Proof: We prove the existence of such a function $f_{P, L C F}^{t}$ inductively over time $t$. Let us denote the counters of the $L C F$ system by $\left(l_{1}, l_{2}, \ldots, l_{N}\right)$ and the counters of the $P$ system
by $\left(p_{1}, p_{2}, \ldots, p_{N}\right)$. It is trivial to check that there exists such a function for $t=1$. Inductively assume that $f_{P, L C F}^{t}$ exists with the desired property till time $t$, and we want to extend it to time $t+1$. This means that there exists ordering $\pi^{t}, \sigma^{t}$ such that, $l_{\pi^{t}(i)} \leq p_{\sigma^{t}(i)}, \forall i$. Now, at the time $t+1$, a counter may be incremented and a counter may be completely served.
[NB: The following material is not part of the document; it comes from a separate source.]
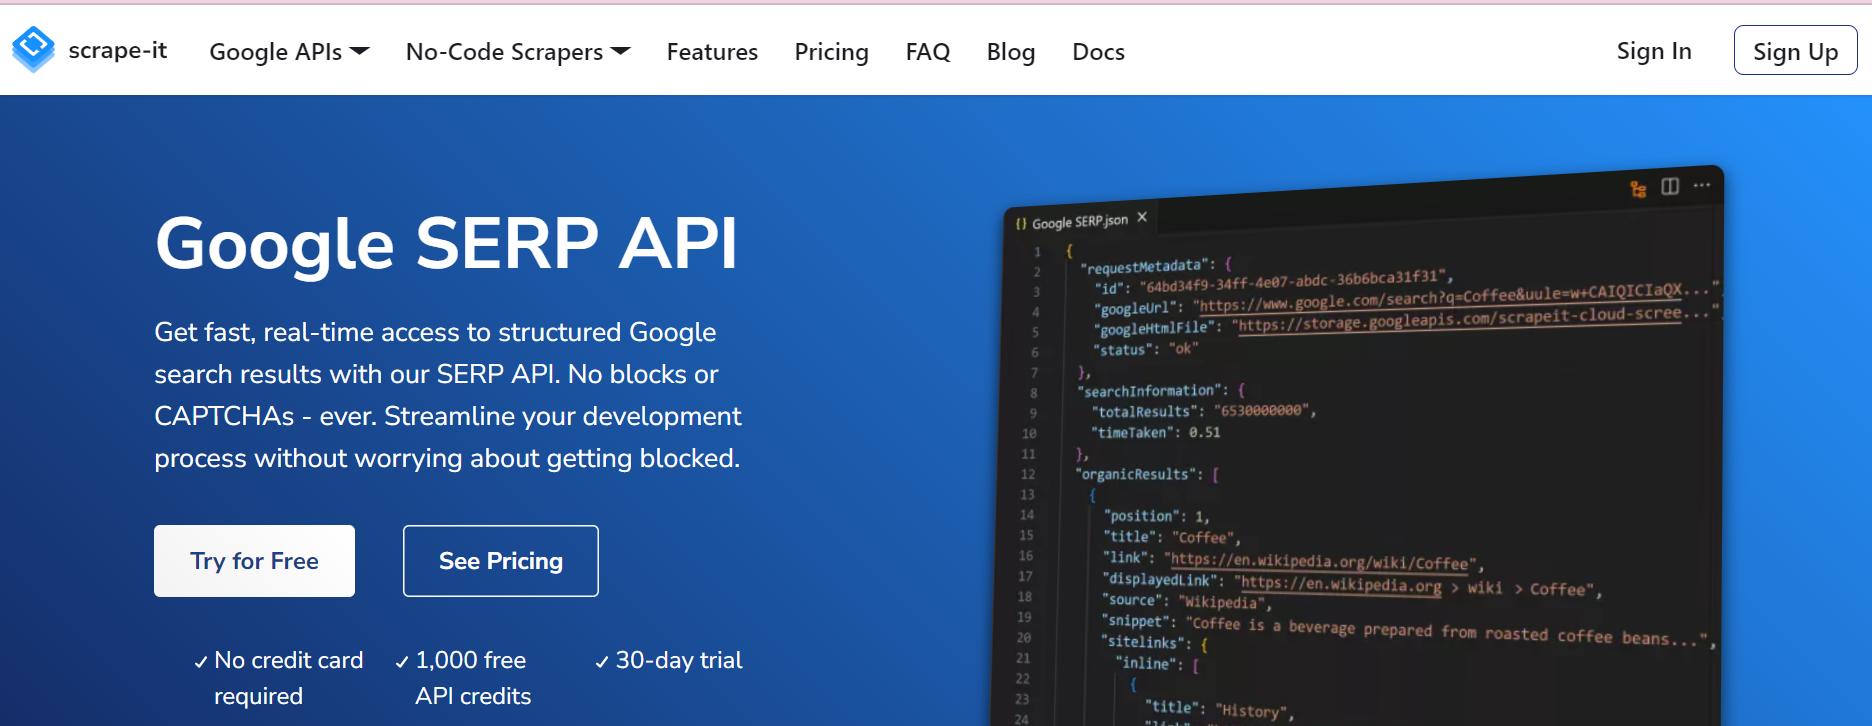 SERP API ของ SCRAPE-IT.CLOUD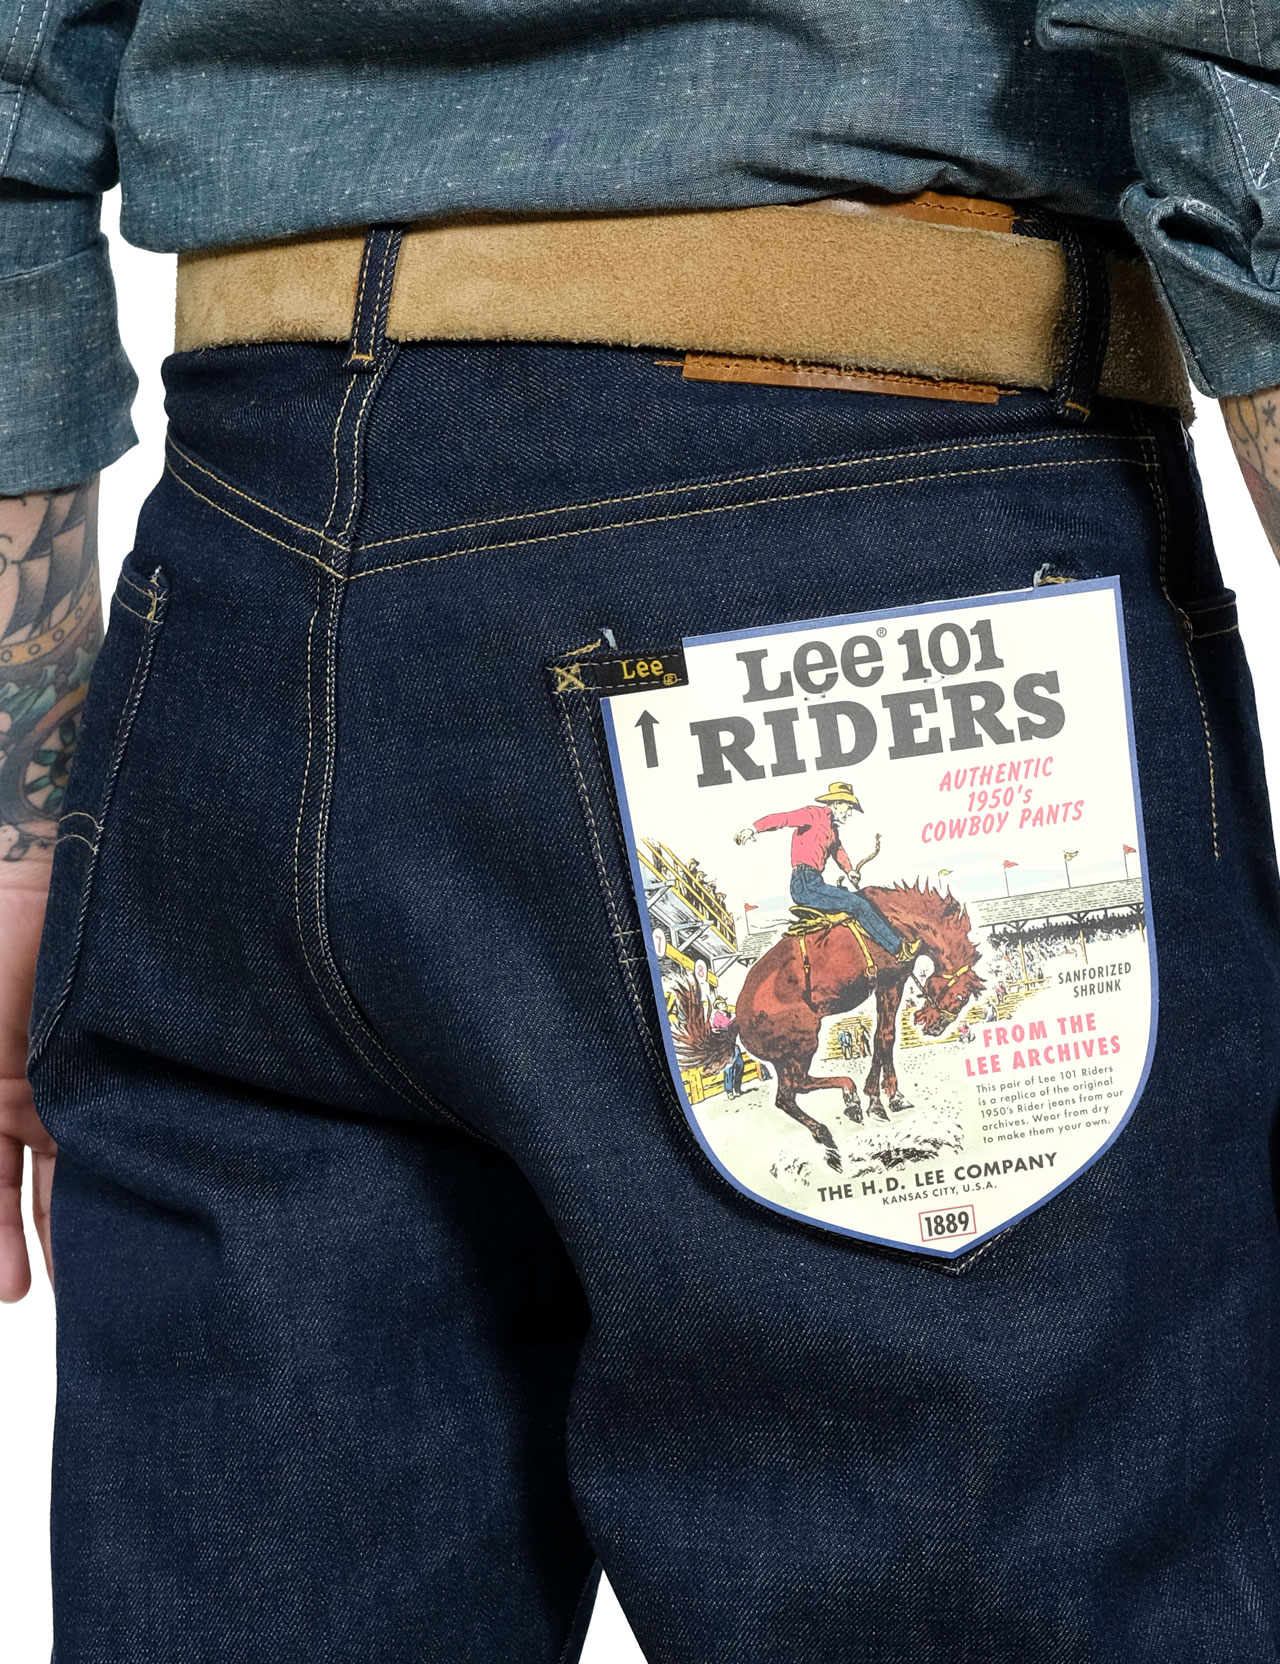 毎日続々入荷 Lee Riders Authentic Cowboy Pants kids-nurie.com

We consider both these parts separately below:

- Part 1: (Arrival) Let a counter be incremented at time $t+1$ in both systems. Suppose that counter $\pi^{t}(k)$ is incremented in the LCF system. Then extend $f_{P, L C F}^{t}$ for $t+1$ by letting an arrival occur in counter $\sigma^{t}(k)$ for the $P$ system. By induction, we have $l_{\pi^{t}(i)} \leq p_{\sigma^{t}(i)}, \forall i$. Let $\pi^{t+1}, \sigma^{t+1}$ be the new ordering of the counters of the $L C F$ and P systems respectively. Since one arrival occurred to both the systems in a queue with the same relative order, the domination relation does not change.
- Part 2: (Service) Let one of the counters be served at time $t+1$. Under the $L C F$ policy, the counter $\pi^{t}(1)$ with count $l_{\pi^{t}(1)}$ will be served and its count is set to zero i.e. $C\left(\pi^{t}(1), t+1\right)=0$, while under $P$ any queue can be served out, depending on the CMA prescribed by $P$. Let $P$ serve the counter with rank $k$, i.e. counter $\sigma^{t}(k)$. Then we can create a new ordering $\pi^{t+1}, \sigma^{t+1}$ as follows:
a. $\pi^{t+1}(i)=\pi^{t}(i+1), 1 \leq i \leq N-1$,
$\pi^{t+1}(N)=\pi^{t}(1)$
b. $\sigma^{t+1}(i)=\sigma^{t}(i), 1 \leq i \leq k-1$,
$\sigma^{t+1}(i)=\sigma^{t}(i+1), k \leq i \leq N-1$, $\sigma^{t+1}(N)=\sigma^{t}(k)$

Under this definition, it is easy to check that, $l_{\pi^{t+1}(i)} \leq p_{\sigma^{t+1}(i)}, \forall i$ given $l_{\pi^{t}(i)} \leq p_{\sigma^{t}(i)}, \forall i$. Thus we have shown explicitly how we can extend $f_{P, L C F}^{t}$ to $f_{P, L C F}^{t+1}$ with the desired property. Hence it follows inductively that $L C F$ is dominated by any other policy $P$. $\square$


[^0]:    *This research was supported by the National Science Foundation, under NGI contract ANI-9872761, the NSF CAREER award, the Alfred P. Sloan Foundation and the Terman Fellowship.

[^1]:    ${ }^{1}$. The variable $b \quad(b>1)$ is chosen by the system designer. If $b=1$, no SRAM is required, but the DRAM must be fast enough for all counters to be maintained in DRAM.